La Cour d'appel a observé qu'"une disposition d'arbitrage dans un traité d'investissement peut constituer un accord au profit d'une partie privée qui "fonctionne comme une offre unilatérale d'arbitrage" et peut devenir une convention d'arbitrage avec une partie privée lorsque cette dernière accepte l'offre". Id. à la page 9 (citations internes omises). Étant donné que la Russie a affirmé n'avoir jamais fait d'offre d'arbitrage à quiconque par le biais de la signature de l'APC par la Russie et que, même si elle l'avait fait, la signature provisoire de la clause d'arbitrage était incompatible avec le droit russe, le tribunal de district doit, sur renvoi, trancher ces questions de manière indépendante.
En revanche, en ce qui concerne l'argument de la Russie selon lequel les actionnaires de Yukos n'étaient pas des investisseurs au sens de la clause d'arbitrage de l'APC, la cour d'appel a observé que cet argument n'était pas juridictionnel car il concernait la portée de l'accord, et que la cour de district avait eu raison de s'appuyer sur la détermination de cette question par le tribunal arbitral.
La cour d'appel du district de Columbia a également abordé une autre question d'une grande importance pour la communauté de l'arbitrage : la question de savoir si un tribunal américain doit accorder un effet de préemption à une décision d'un tribunal étranger concluant à l'existence d'une convention d'arbitrage valide.

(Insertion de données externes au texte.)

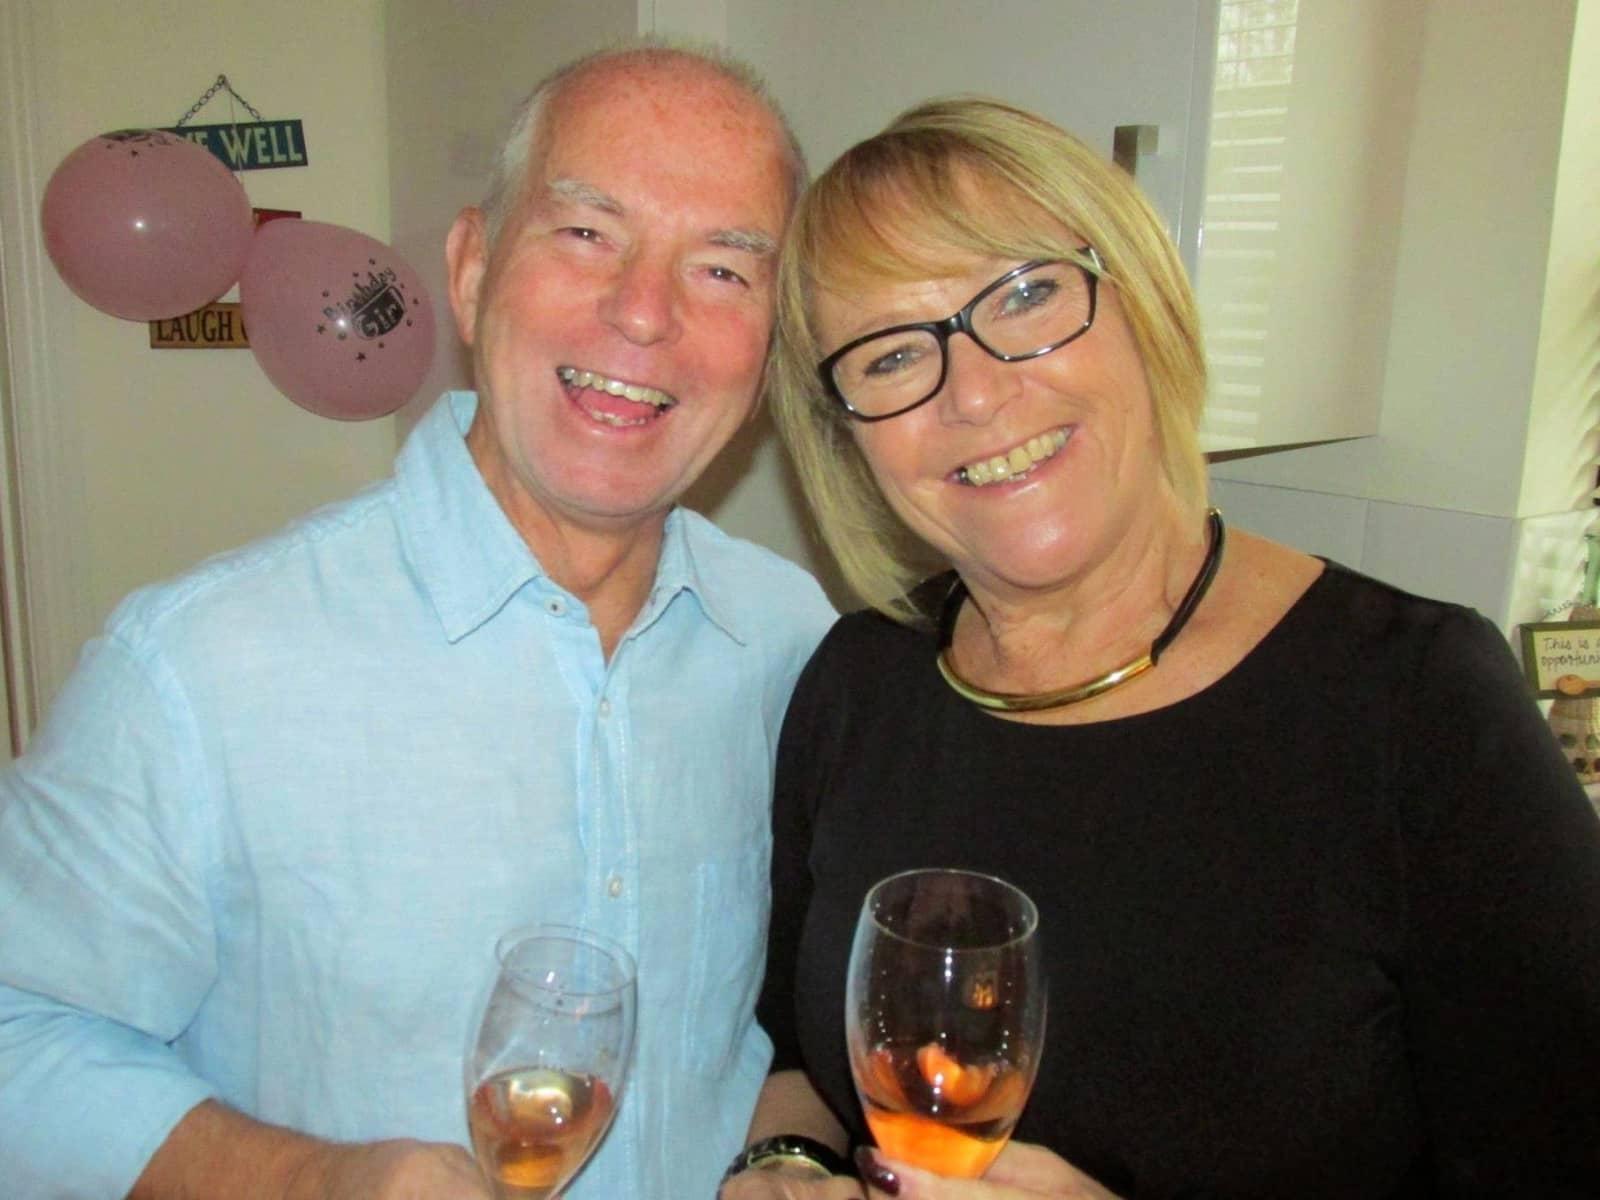 Keith & Denise from Málaga, Spain
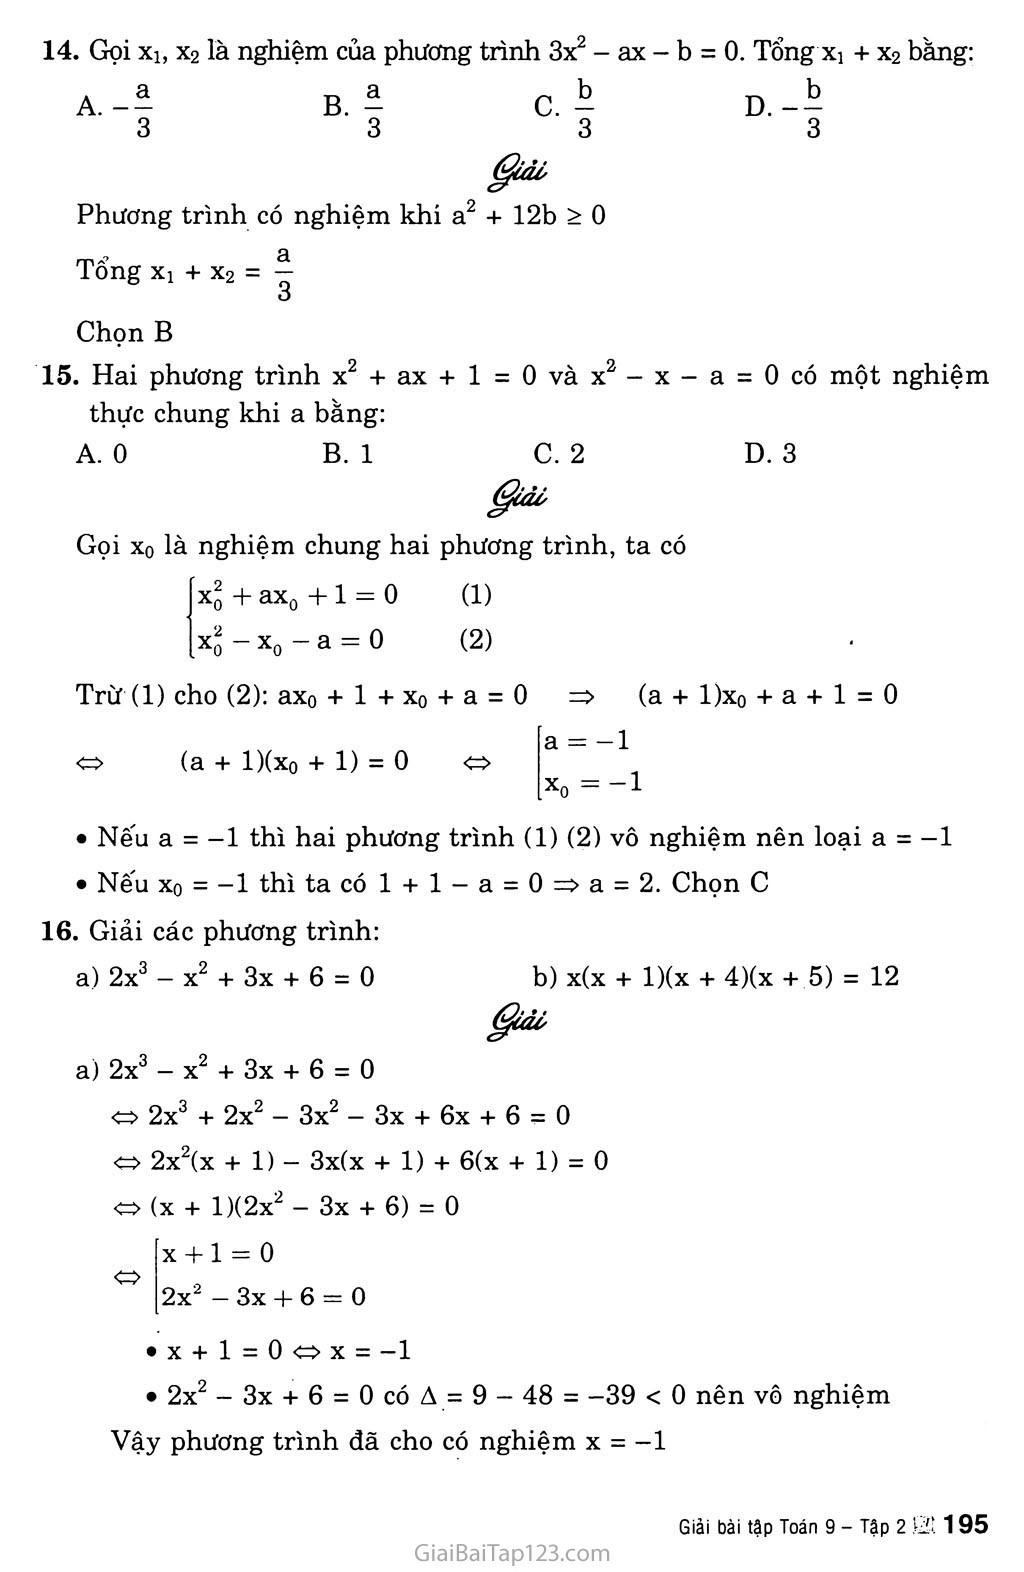 Bài tập ôn cuối năm trang 9

La Cour d'appel a noté que les tribunaux américains accordent un effet de préemption aux décisions juridictionnelles rendues par d'autres tribunaux américains, mais la Cour d'appel n'avait connaissance d'aucune affaire, et les parties n'en ont cité aucune, dans laquelle un tribunal américain a accordé un effet de préemption à un jugement étranger afin d'exercer sa compétence sur un souverain étranger en vertu de la FSIA. Id. , p. 14. La Cour d'appel a déclaré que si le tribunal de district décide d'aborder cette question, il doit appliquer les facteurs énoncés dans Hilton v. Guyot, 159 U.S. 113, 163-67 (1895) et doit inviter les États-Unis à exprimer la position du gouvernement sur cette question.
La décision Hulley rappelle à la communauté de l'arbitrage que les tribunaux américains doivent déterminer de manière indépendante leur compétence pour décider de la reconnaissance et de l'exécution des sentences arbitrales étrangères. L'affaire Hulley pourrait également donner l'occasion aux tribunaux américains d'examiner la question de savoir s'il convient d'accorder un effet de préemption aux déterminations de faits des tribunaux étrangers qui entrent dans l'analyse juridictionnelle des tribunaux américains.